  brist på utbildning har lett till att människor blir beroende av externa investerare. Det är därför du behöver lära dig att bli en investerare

--

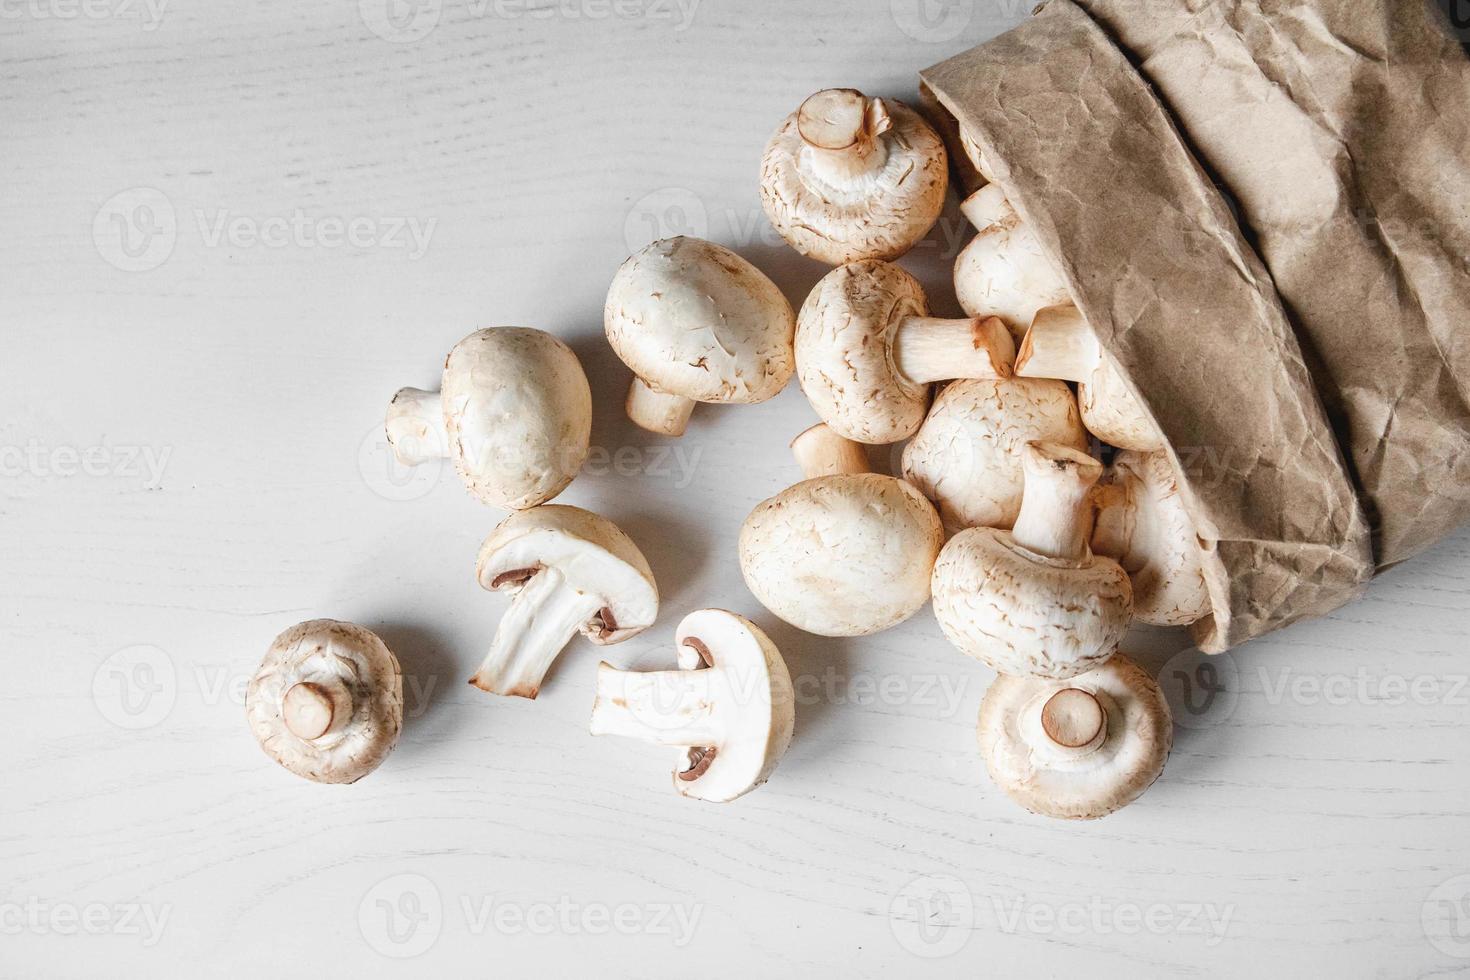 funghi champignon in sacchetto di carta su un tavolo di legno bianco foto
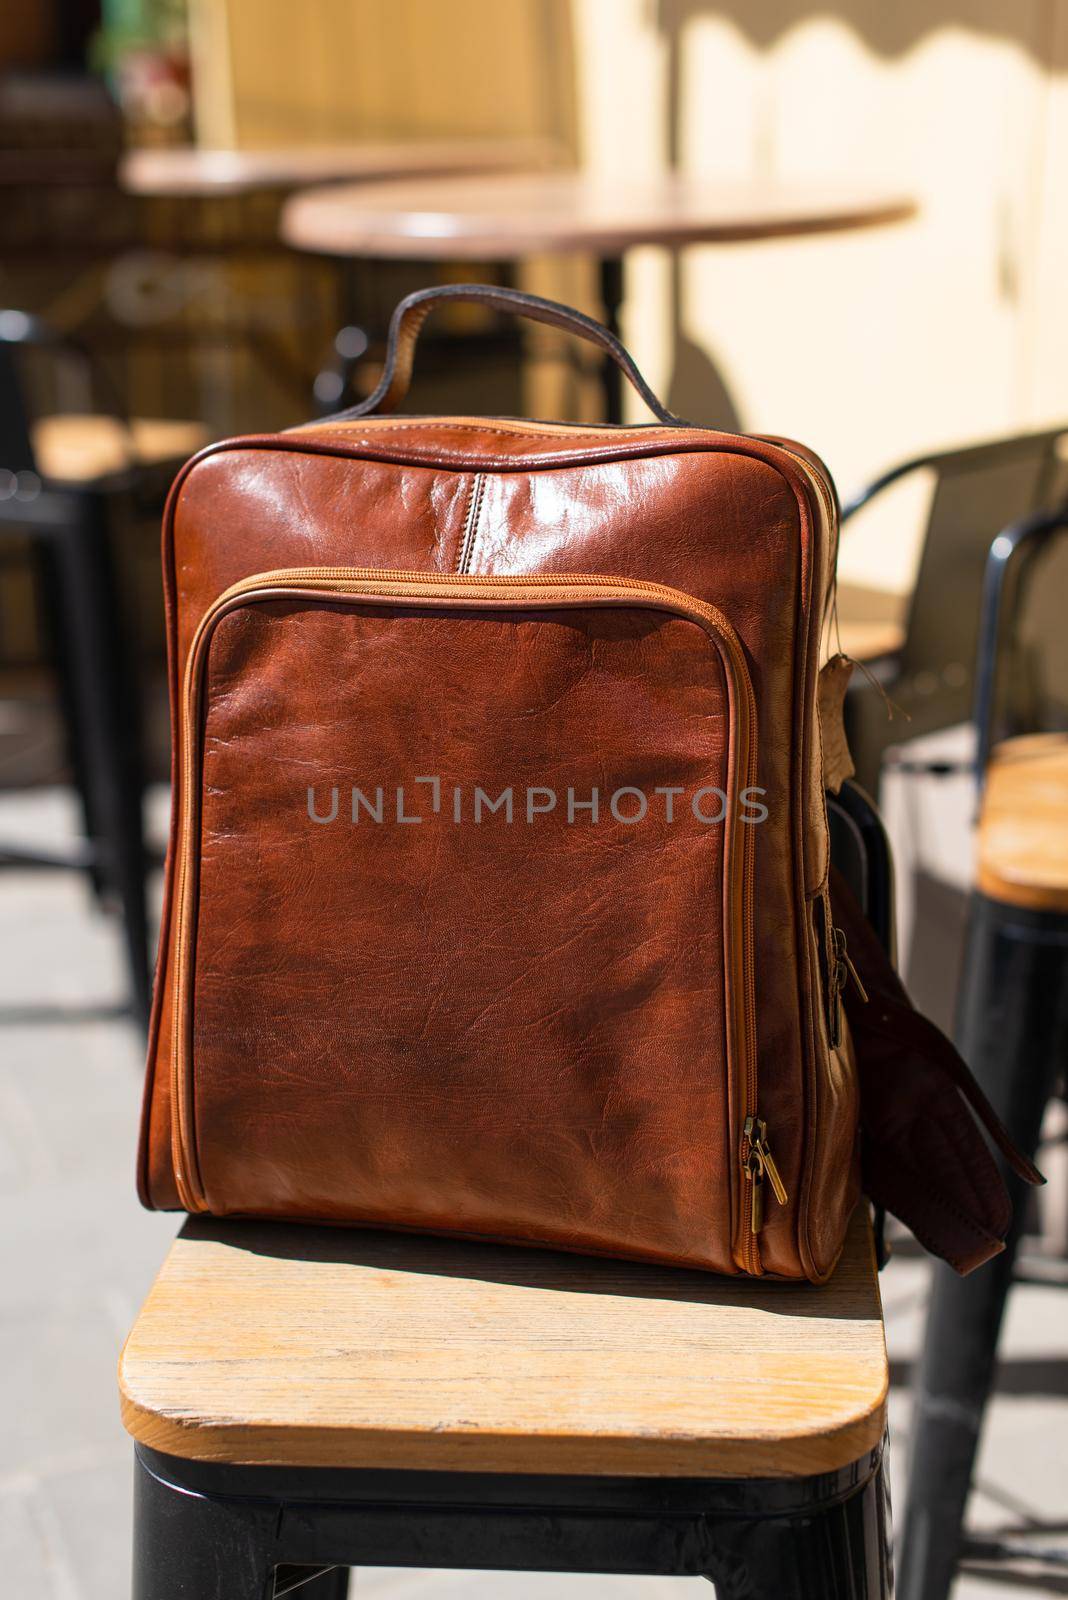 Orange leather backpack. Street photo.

**What the task requires:** Look above for the line with "funghi champignon in"; quote it and every line after it, stopping after the line with "Orange leather backpack. Street photo.", exactly, with nothing added and without pictures.

**Response below:**
 funghi champignon in sacchetto di carta su un tavolo di legno bianco foto
 Orange leather backpack. Street photo.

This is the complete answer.